» Task requirements
Where a line below holds the string "with", that line goes into the answer.
(Provided data Opens)
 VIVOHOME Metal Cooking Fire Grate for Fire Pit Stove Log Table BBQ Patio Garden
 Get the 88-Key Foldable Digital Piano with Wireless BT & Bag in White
(Provided data Closes)
(Provided data Opens)
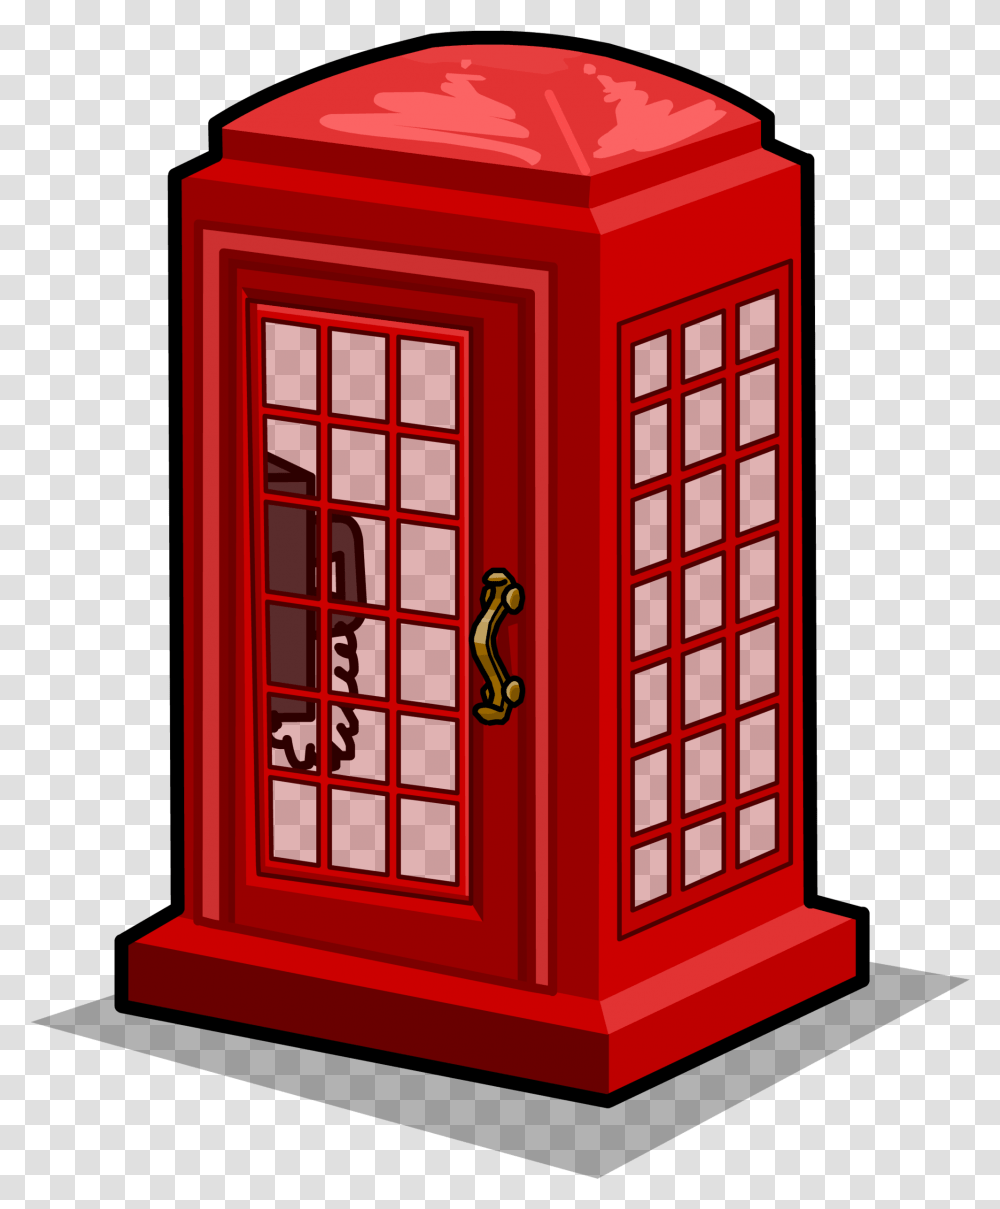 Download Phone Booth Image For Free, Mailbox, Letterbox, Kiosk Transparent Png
(Provided data Closes)
(Provided data Opens)
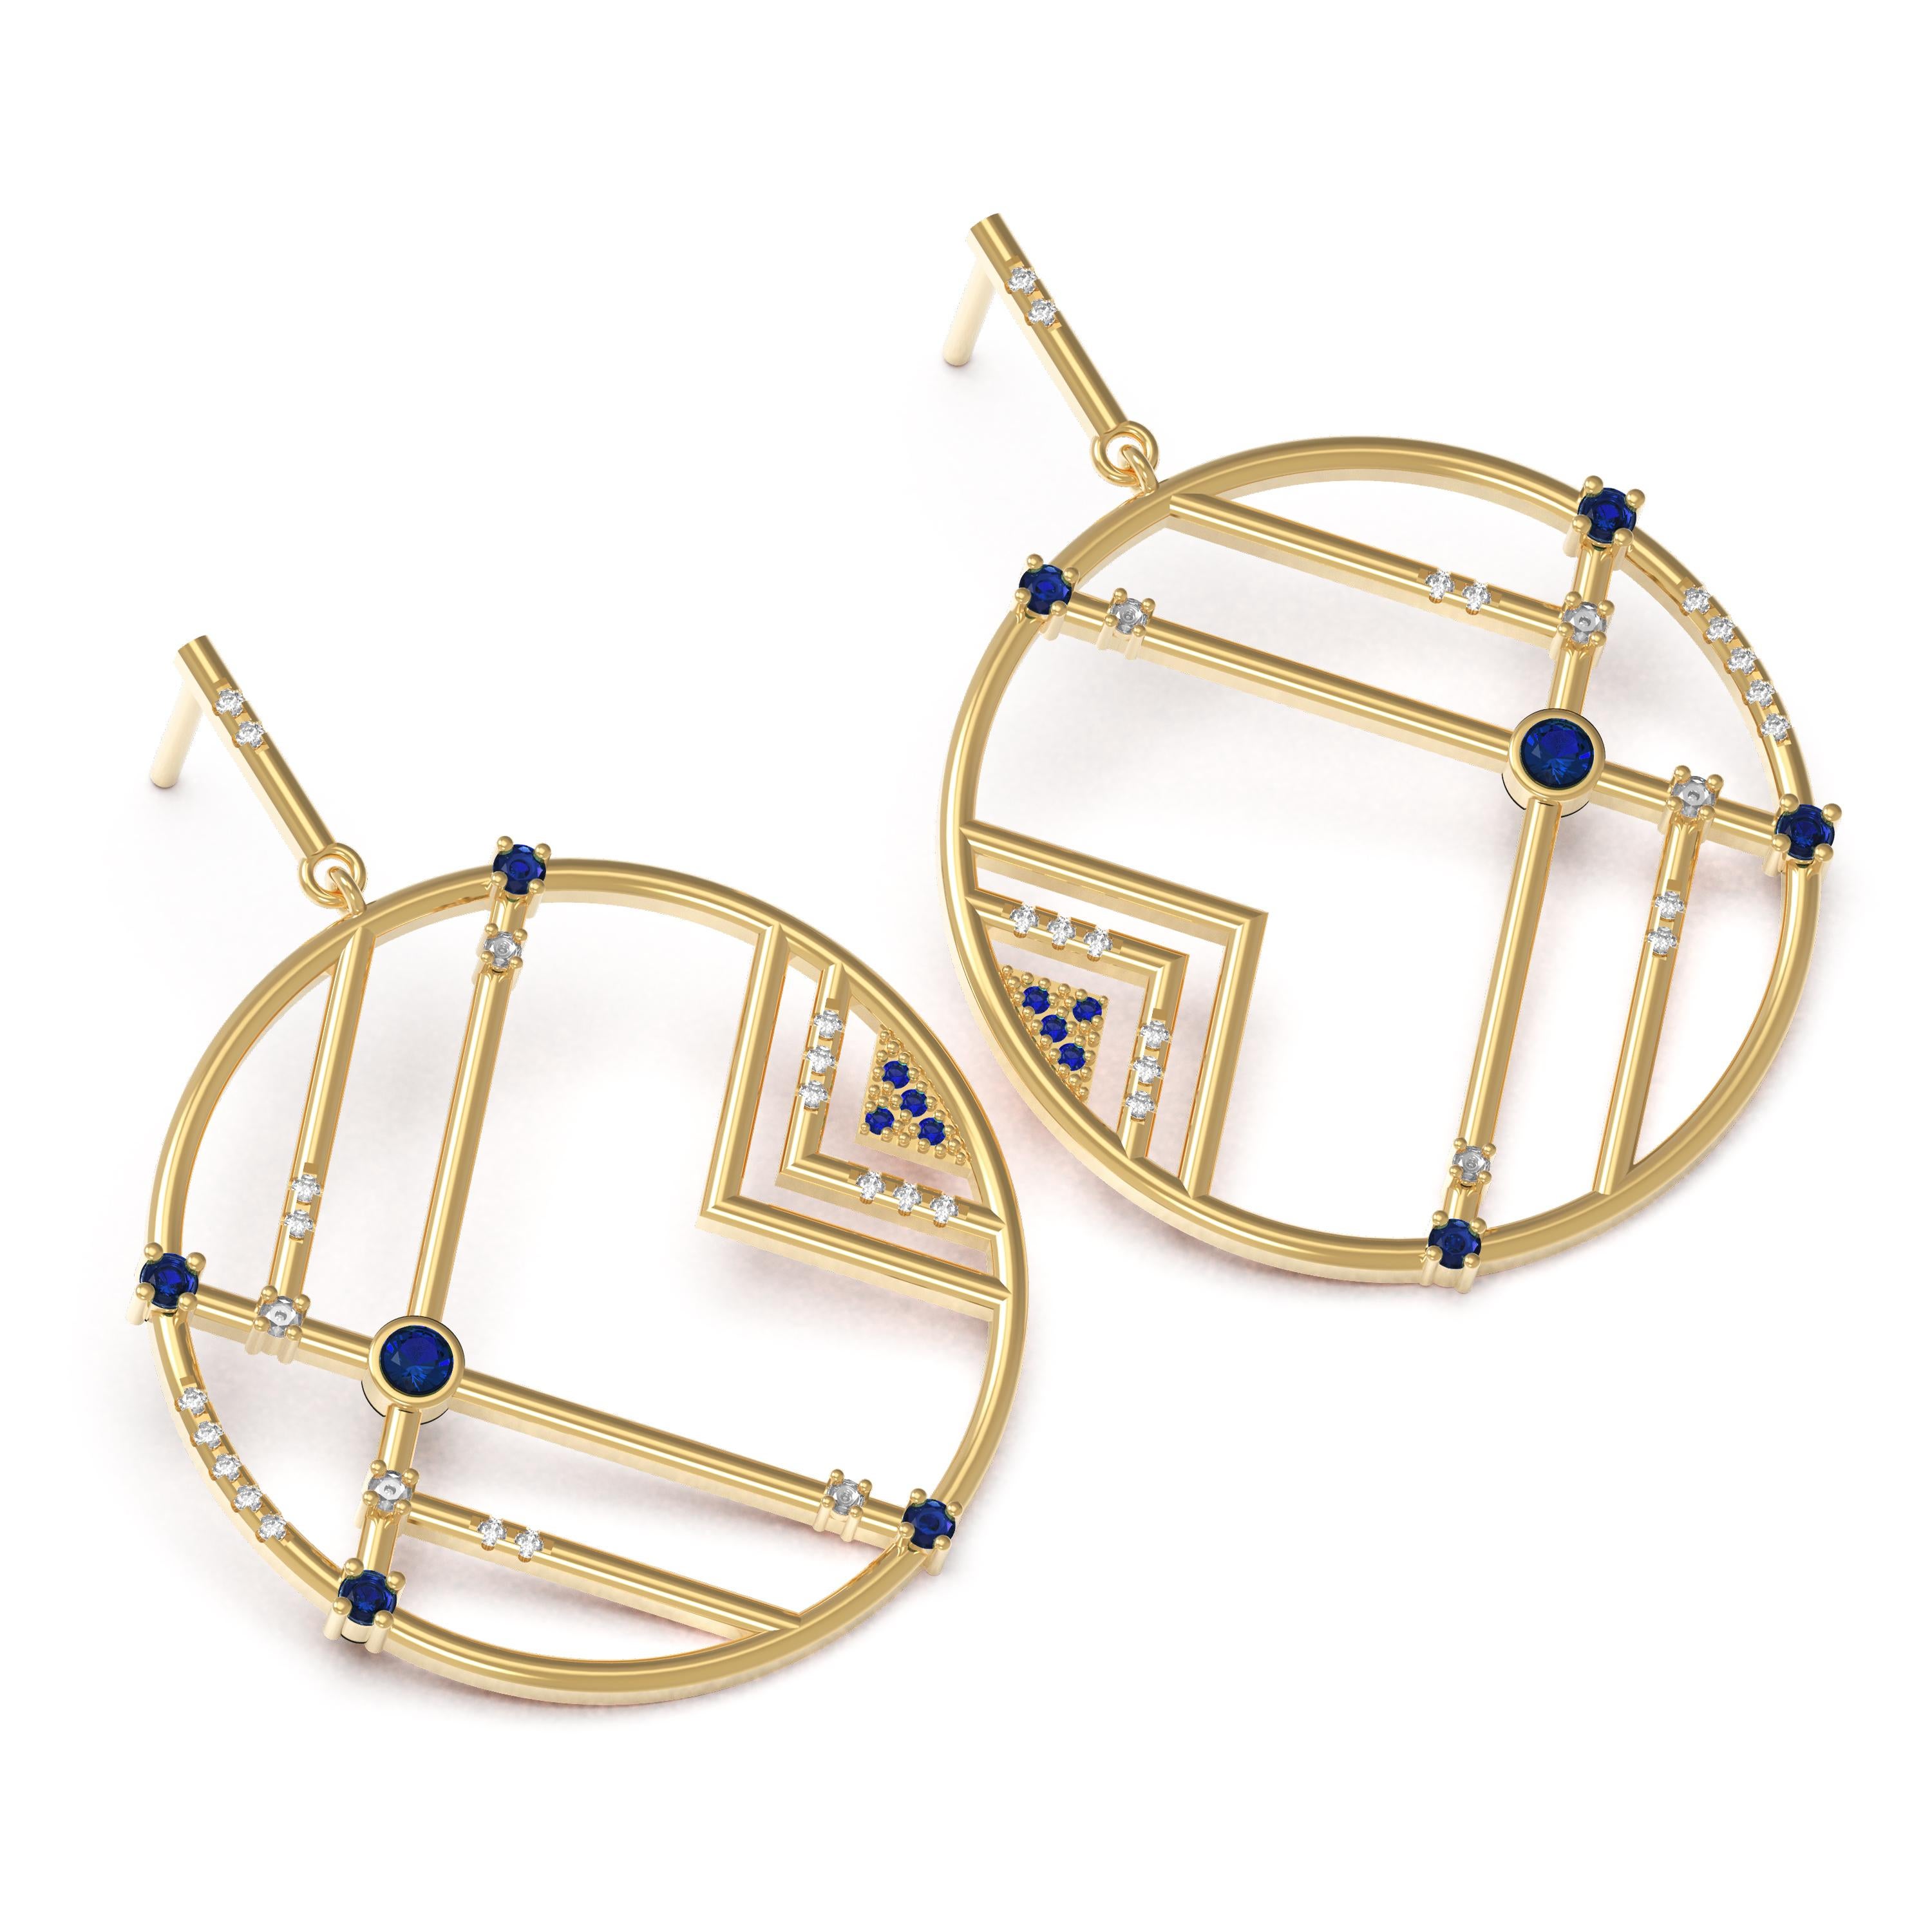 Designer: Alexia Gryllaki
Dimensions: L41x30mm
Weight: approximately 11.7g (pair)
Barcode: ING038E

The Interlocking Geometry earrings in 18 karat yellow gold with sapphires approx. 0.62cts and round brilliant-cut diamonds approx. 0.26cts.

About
(Provided data Closes)
» Task answer
 Get the 88-Key Foldable Digital Piano with Wireless BT & Bag in White
The Interlocking Geometry earrings in 18 karat yellow gold with sapphires approx. 0.62cts and round brilliant-cut diamonds approx. 0.26cts.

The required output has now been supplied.